* [Data to examine]

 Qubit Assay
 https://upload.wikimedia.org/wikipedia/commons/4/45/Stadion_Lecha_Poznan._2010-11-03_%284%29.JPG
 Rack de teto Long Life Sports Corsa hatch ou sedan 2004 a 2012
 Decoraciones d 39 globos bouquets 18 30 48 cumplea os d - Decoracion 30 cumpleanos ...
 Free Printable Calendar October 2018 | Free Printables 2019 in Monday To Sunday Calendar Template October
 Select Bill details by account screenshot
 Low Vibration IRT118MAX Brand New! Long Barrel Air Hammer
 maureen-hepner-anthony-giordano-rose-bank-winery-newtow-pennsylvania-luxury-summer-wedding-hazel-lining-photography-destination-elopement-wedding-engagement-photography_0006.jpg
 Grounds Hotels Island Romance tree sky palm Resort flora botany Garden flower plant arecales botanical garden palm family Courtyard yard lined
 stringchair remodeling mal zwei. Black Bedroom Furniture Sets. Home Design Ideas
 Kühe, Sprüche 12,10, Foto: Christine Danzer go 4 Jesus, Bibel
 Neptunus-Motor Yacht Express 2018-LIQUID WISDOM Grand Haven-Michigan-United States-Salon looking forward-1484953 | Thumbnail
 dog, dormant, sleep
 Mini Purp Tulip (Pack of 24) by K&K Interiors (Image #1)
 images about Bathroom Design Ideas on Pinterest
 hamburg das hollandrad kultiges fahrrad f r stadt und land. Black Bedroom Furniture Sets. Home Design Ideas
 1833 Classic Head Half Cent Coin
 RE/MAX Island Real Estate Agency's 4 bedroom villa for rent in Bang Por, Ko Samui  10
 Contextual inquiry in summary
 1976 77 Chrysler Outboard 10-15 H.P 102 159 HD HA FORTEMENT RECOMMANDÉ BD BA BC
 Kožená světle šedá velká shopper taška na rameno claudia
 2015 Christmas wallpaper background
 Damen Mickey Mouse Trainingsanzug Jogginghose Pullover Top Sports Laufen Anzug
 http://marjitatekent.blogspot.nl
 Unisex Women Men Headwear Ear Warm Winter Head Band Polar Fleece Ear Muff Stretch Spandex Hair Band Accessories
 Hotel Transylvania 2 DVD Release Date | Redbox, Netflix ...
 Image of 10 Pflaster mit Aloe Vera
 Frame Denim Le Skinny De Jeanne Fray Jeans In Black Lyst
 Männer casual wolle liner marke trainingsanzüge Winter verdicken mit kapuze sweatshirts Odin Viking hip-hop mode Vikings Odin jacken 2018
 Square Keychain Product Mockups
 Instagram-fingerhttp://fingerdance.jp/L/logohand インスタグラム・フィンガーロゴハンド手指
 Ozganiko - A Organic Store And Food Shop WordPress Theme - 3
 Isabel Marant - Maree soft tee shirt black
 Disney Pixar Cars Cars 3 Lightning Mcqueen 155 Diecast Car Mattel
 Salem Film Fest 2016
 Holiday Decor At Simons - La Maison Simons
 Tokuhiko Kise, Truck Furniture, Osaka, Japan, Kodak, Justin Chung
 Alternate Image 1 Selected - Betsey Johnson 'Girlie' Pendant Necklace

* [What is required]
From the line containing "Isabel Marant - Maree soft tee shirt black" down to the last line of the records above, print every line exactly, with both ends kept.

* [Written reply]
 Isabel Marant - Maree soft tee shirt black
 Disney Pixar Cars Cars 3 Lightning Mcqueen 155 Diecast Car Mattel
 Salem Film Fest 2016
 Holiday Decor At Simons - La Maison Simons
 Tokuhiko Kise, Truck Furniture, Osaka, Japan, Kodak, Justin Chung
 Alternate Image 1 Selected - Betsey Johnson 'Girlie' Pendant Necklace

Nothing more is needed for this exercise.